Table of Contents
Fetching ...

Diffusing Trajectory Optimization Problems for Recovery During Multi-Finger Manipulation

Abhinav Kumar, Fan Yang, Sergio Aguilera Marinovic, Soshi Iba, Rana Soltani Zarrin, Dmitry Berenson

TL;DR

The paper tackles recovery from perturbations in fine multi-finger manipulation by introducing D-TOUR, a diffusion-based framework that detects when recovery is needed via likelihood-based OOD detection and generates contact-rich recovery trajectories. It combines an offline data-generation pipeline with a diffusion model that distills recovery planning into a joint diffusion over trajectories and contact modes, conditioned on the initial state to ensure feasible, constraint-satisfying recovery. The approach is evaluated on valve and screwdriver turning tasks in simulation and hardware, outperforming RL baselines and methods lacking explicit contact reasoning, and demonstrates faster online planning through diffusion distillation. The work has practical impact for reliable, high-precision manipulation in real-world robotics where perturbations can derail task execution, enabling robust task resumption with interpretable contact control.

Abstract

Multi-fingered hands are emerging as powerful platforms for performing fine manipulation tasks, including tool use. However, environmental perturbations or execution errors can impede task performance, motivating the use of recovery behaviors that enable normal task execution to resume. In this work, we take advantage of recent advances in diffusion models to construct a framework that autonomously identifies when recovery is necessary and optimizes contact-rich trajectories to recover. We use a diffusion model trained on the task to estimate when states are not conducive to task execution, framed as an out-of-distribution detection problem. We then use diffusion sampling to project these states in-distribution and use trajectory optimization to plan contact-rich recovery trajectories. We also propose a novel diffusion-based approach that distills this process to efficiently diffuse the full parameterization, including constraints, goal state, and initialization, of the recovery trajectory optimization problem, saving time during online execution. We compare our method to a reinforcement learning baseline and other methods that do not explicitly plan contact interactions, including on a hardware screwdriver-turning task where we show that recovering using our method improves task performance by 96% and that ours is the only method evaluated that can attempt recovery without causing catastrophic task failure. Videos can be found at https://dtourrecovery.github.io/.

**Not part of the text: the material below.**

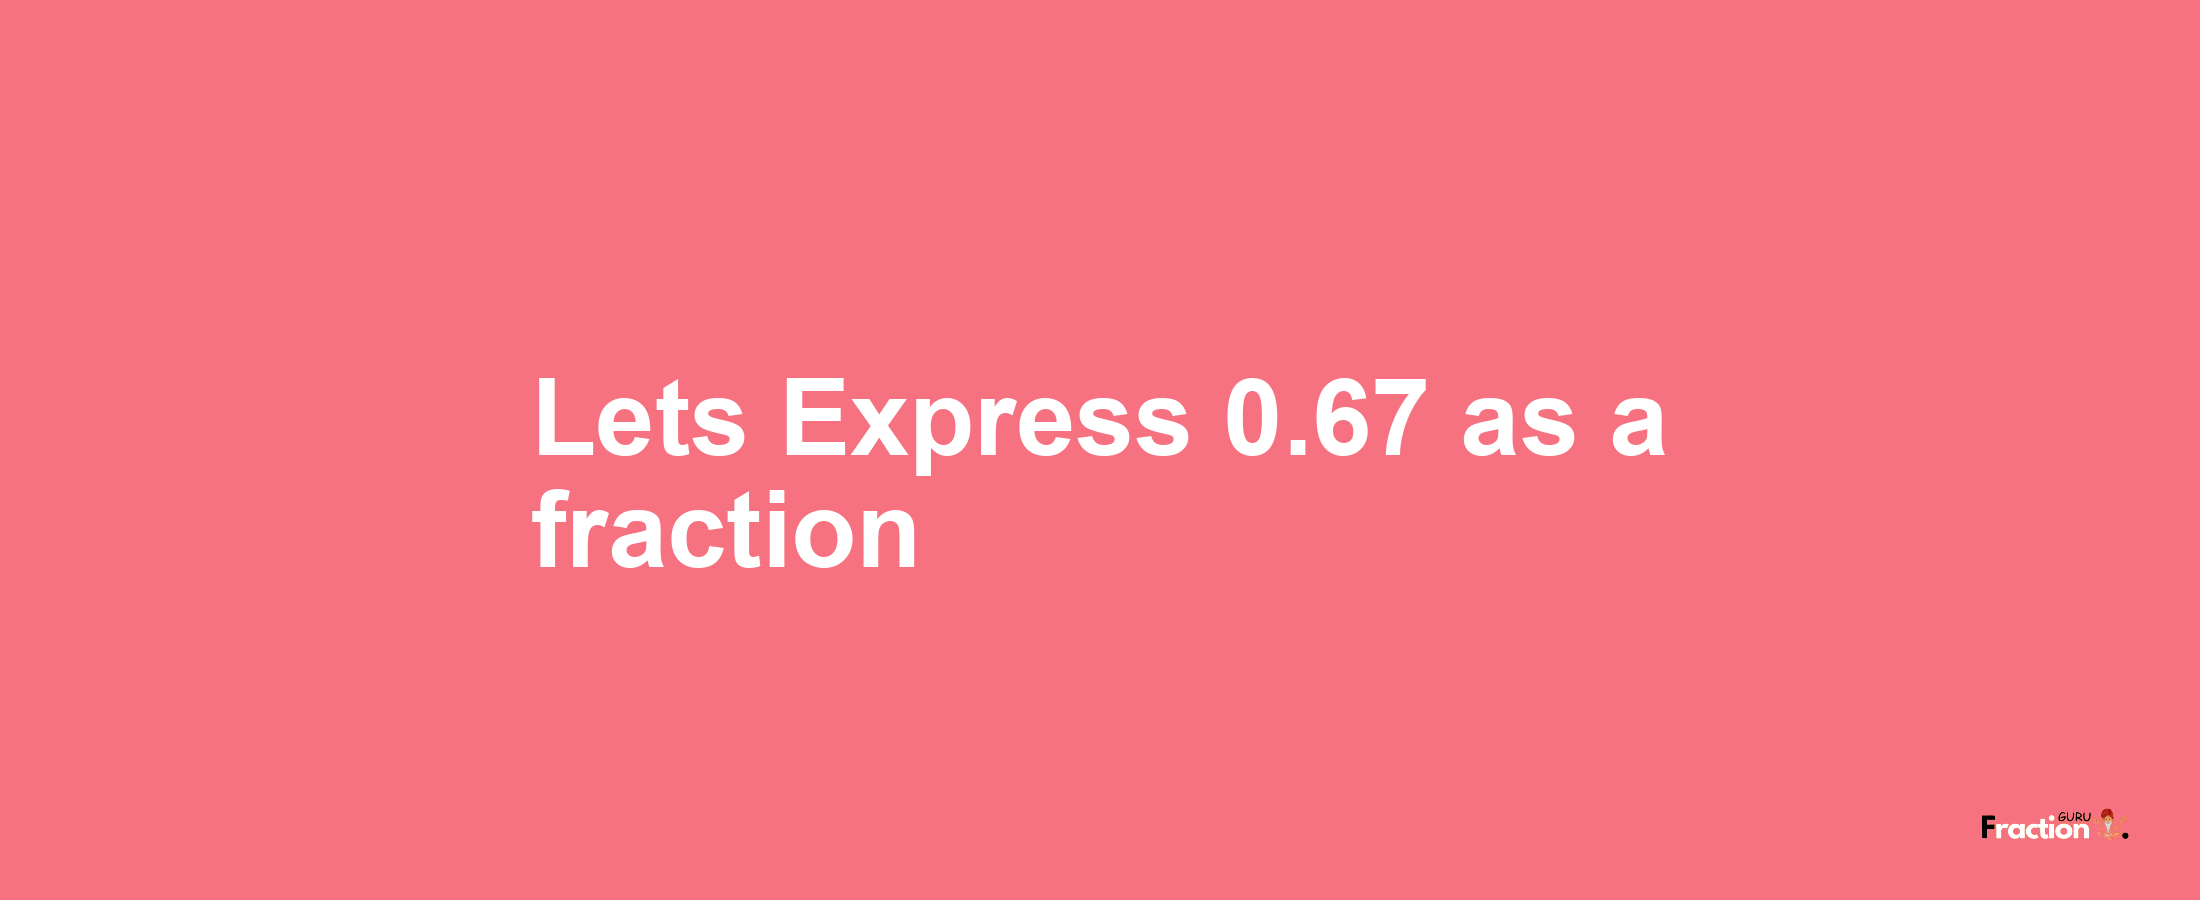 Lets Express 0.67 as afraction

Diffusing Trajectory Optimization Problems for Recovery During Multi-Finger Manipulation

TL;DR

The paper tackles recovery from perturbations in fine multi-finger manipulation by introducing D-TOUR, a diffusion-based framework that detects when recovery is needed via likelihood-based OOD detection and generates contact-rich recovery trajectories. It combines an offline data-generation pipeline with a diffusion model that distills recovery planning into a joint diffusion over trajectories and contact modes, conditioned on the initial state to ensure feasible, constraint-satisfying recovery. The approach is evaluated on valve and screwdriver turning tasks in simulation and hardware, outperforming RL baselines and methods lacking explicit contact reasoning, and demonstrates faster online planning through diffusion distillation. The work has practical impact for reliable, high-precision manipulation in real-world robotics where perturbations can derail task execution, enabling robust task resumption with interpretable contact control.

Abstract

Multi-fingered hands are emerging as powerful platforms for performing fine manipulation tasks, including tool use. However, environmental perturbations or execution errors can impede task performance, motivating the use of recovery behaviors that enable normal task execution to resume. In this work, we take advantage of recent advances in diffusion models to construct a framework that autonomously identifies when recovery is necessary and optimizes contact-rich trajectories to recover. We use a diffusion model trained on the task to estimate when states are not conducive to task execution, framed as an out-of-distribution detection problem. We then use diffusion sampling to project these states in-distribution and use trajectory optimization to plan contact-rich recovery trajectories. We also propose a novel diffusion-based approach that distills this process to efficiently diffuse the full parameterization, including constraints, goal state, and initialization, of the recovery trajectory optimization problem, saving time during online execution. We compare our method to a reinforcement learning baseline and other methods that do not explicitly plan contact interactions, including on a hardware screwdriver-turning task where we show that recovering using our method improves task performance by 96% and that ours is the only method evaluated that can attempt recovery without causing catastrophic task failure. Videos can be found at https://dtourrecovery.github.io/.

Paper Structure

This paper contains 19 sections, 6 equations, 5 figures, 1 table, 1 algorithm.

Figures (5)

  • Figure 1: During a screwdriver turning task, we apply external wrench perturbations. Our method detects that recovery is needed and diffuses a trajectory optimization problem that encodes the set of fingers to reset and corresponding target contact points. The index finger is reset in this example.
  • Figure 2: While executing a task, our method uses a task diffusion model $M$ to detect when the current state is out-of-distribution (OOD). We initiate recovery behavior in OOD states as indicated by the dashed red line. We train a diffusion model $M_R$ to jointly diffuse trajectories $\bm \tau$ and contact modes $\mathbf{c}_R$ which together parameterize and initialize a trajectory optimization problem. We resume execution after recovery if the state is ID, indicated by the dashed green line. Otherwise, we retry recovery. To generate training data, we first project OOD states $\mathbf{s}_R$ to ID $\mathbf{s}_g$ using $M$. We then search over a set of contact modes, choosing the one that leads to the highest likelihood state. We add the planned trajectory and contact mode to the dataset $D_R$ and train $M_R$ on this dataset.
  • Figure 3: a) an OOD screwdriver turning state. b) a projected ID state sampled from $M$. c) an OOD valve turning state. d) a projected ID state sampled from $M$.
  • Figure 4: The architecture of the trajectory optimization diffusion model.
  • Figure 5: a) Simulated valve. b) Simulated screwdriver. c) Hardware valve.